Uhm Ji Eun, Park Byeong-Bae, Ahn Myung-Ju, Lee Jeeyun, Ahn Jin Seok, Kim Sang We, Kim Heung-Tae, Lee Jong Seog, Kang Jin Hyung, Cho Jae Yong, Song Hong Suk, Park Se Hoon, Sohn Chang Hak, Shin Sang Won, Choi Jin Hyuck, Park Keunchil
Division of Hematology/Oncology, Department of Medicine, Samsung Medical Center, Sungkyunkwan University School of Medicine, Seoul, Korea.
J Thorac Oncol. 2009 Sep;4(9):1136-43. doi: 10.1097/JTO.0b013e3181b270a7.
Erlotinib (Tarceva, OSI Pharmaceuticals, Melville, NY) is an oral, epidermal growth factor receptor tyrosine kinase inhibitor that has antitumor activity and good tolerability in non-small cell lung cancer (NSCLC). In particular, higher response rates have been reported in Asian patients than in Western patients. The aim of this study conducted by the Korean Cancer Study Group was to evaluate the efficacy and tolerability of erlotinib monotherapy as a palliative treatment for advanced NSCLC patients in Korea.
Patients with histologically or cytologically confirmed stage IIIB or IV NSCLC including recurrent or metastatic disease, with performance status from 0 to 3, were eligible either if they had received any anticancer treatment except epidermal growth factor receptor inhibitors or if they were unsuitable for chemotherapy because of poor performance status. Enrolled patients were treated with oral erlotinib at a dose of 150 mg daily until disease progression or development of intolerable toxicity.
A total of 120 patients were enrolled between January 2005 and May 2006. Forty-four patients (36.7%) were female and 72 patients were current or former smoker. Fifty percent of patients had received one prior palliative chemotherapy regimens and 34.2% had two or more prior palliative regimens. The overall tumor response rate was 24.2% (95% confidence interval [CI], 16.8-32.8%) with 4 complete responses and 25 partial responses, and the disease control rate was 56.7%. The favorable clinical variables for tumor response were female (P = 0.001), never smokers (P = 0.041), and adenocarcinoma (P = 0.001). The most common adverse event was skin rash (78% of which grade 3 or 4 skin rash occurred in 13.3% of the patients). With a median follow-up of 23.6 months, the median time to progression was 2.7 months (95% CI, 2.2-3.2), and the median overall survival was 12.9 months (95% CI, 6.9-18.8). By multivariate analysis, female and development of skin rash were significantly associated with longer time to progression and overall survival.
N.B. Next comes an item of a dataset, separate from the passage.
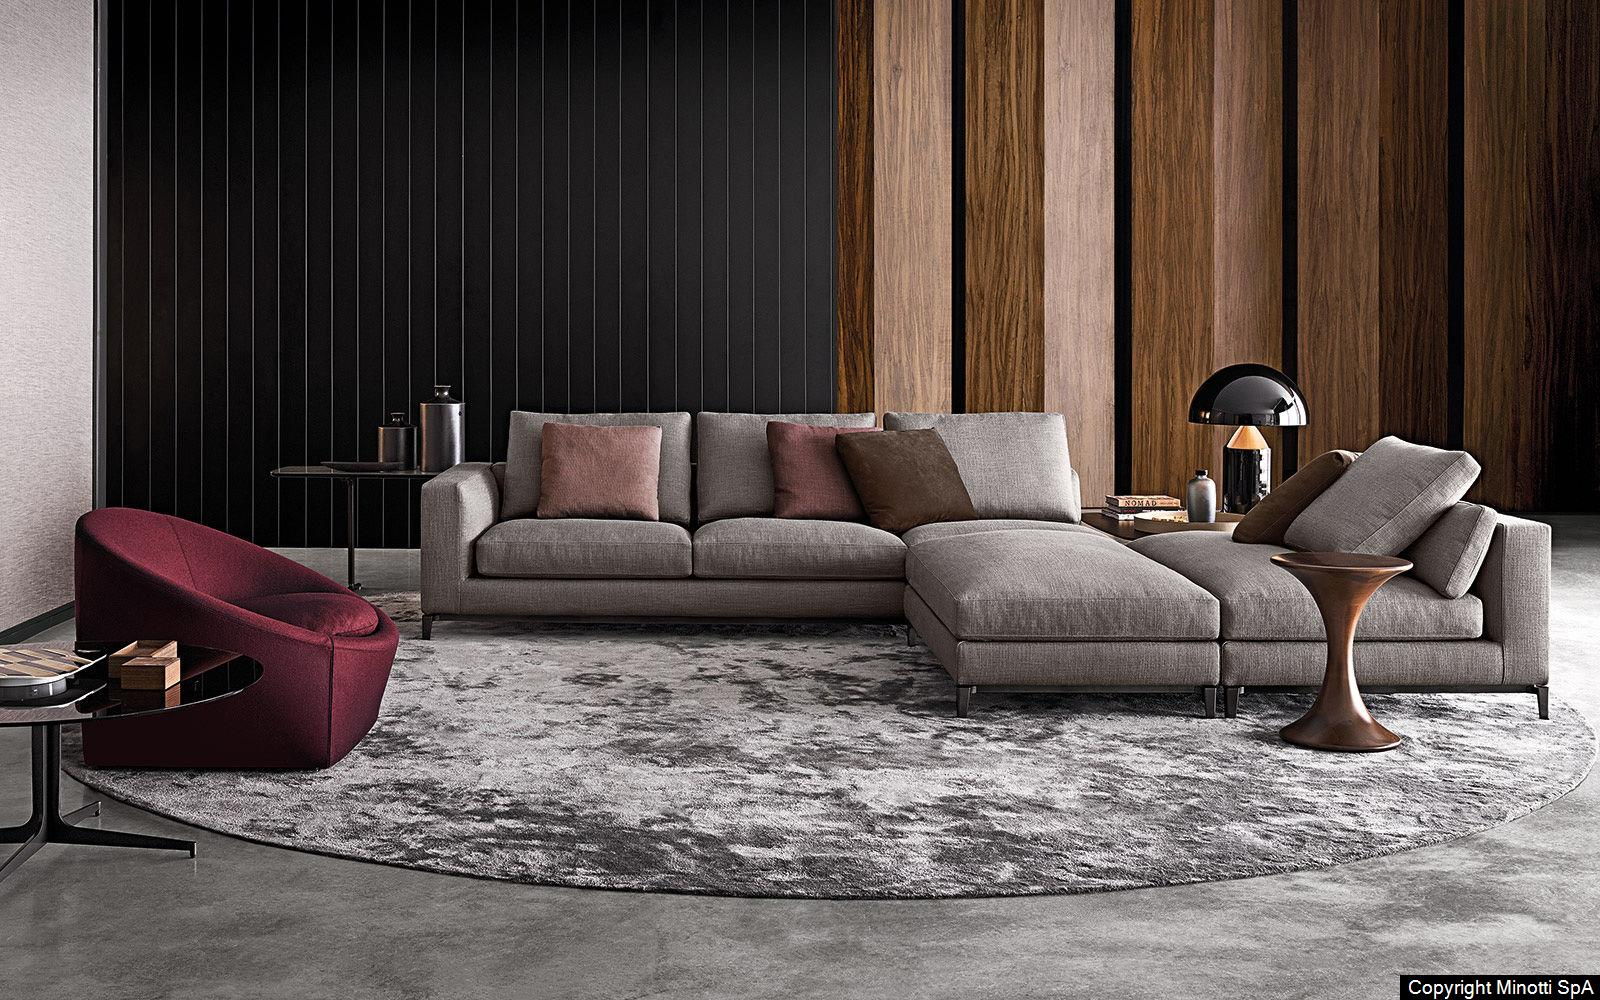 minotti raw interiors. Black Bedroom Furniture Sets. Home Design Ideas

Erlotinib monotherapy showed significant antitumor activity and an acceptable tolerability profile as a palliative treatment in advanced NSCLC patients in Korea, especially in females, never smokers, and patients with adenocarcinoma histology.
厄洛替尼(特罗凯,OSI制药公司,纽约州梅尔维尔)是一种口服的表皮生长因子受体酪氨酸激酶抑制剂,在非小细胞肺癌(NSCLC)中具有抗肿瘤活性且耐受性良好。特别是,据报道亚洲患者的缓解率高于西方患者。韩国癌症研究小组开展这项研究的目的是评估厄洛替尼单药作为韩国晚期NSCLC患者姑息治疗的疗效和耐受性。
组织学或细胞学确诊为IIIB期或IV期NSCLC(包括复发或转移性疾病)、体能状态为0至3的患者,如果他们接受过除表皮生长因子受体抑制剂之外的任何抗癌治疗,或者因体能状态差而不适合化疗,则符合入选标准。入选患者接受口服厄洛替尼治疗,剂量为每日150毫克,直至疾病进展或出现无法耐受的毒性。
2005年1月至2006年5月期间共纳入120例患者。44例(36.7%)为女性,72例为现吸烟者或既往吸烟者。50%的患者接受过一种既往姑息化疗方案,34.2%的患者接受过两种或更多种既往姑息方案。总体肿瘤缓解率为24.2%(95%置信区间[CI],16.8 - 32.8%),其中4例完全缓解,25例部分缓解,疾病控制率为56.7%。肿瘤缓解的有利临床变量为女性(P = 0.001)、从不吸烟者(P = 0.041)和腺癌(P = 0.001)。最常见的不良事件是皮疹(其中78%为3级或4级皮疹出现在13.3%的患者中)。中位随访23.6个月,中位疾病进展时间为2.7个月(95% CI,2.2 - 3.2),中位总生存期为12.9个月(95% CI,6.9 - 1 .8)。通过多因素分析,女性和皮疹的出现与更长的疾病进展时间和总生存期显著相关。
在韩国晚期NSCLC患者中,厄洛替尼单药作为姑息治疗显示出显著的抗肿瘤活性和可接受的耐受性,尤其是在女性、从不吸烟者以及腺癌组织学类型的患者中。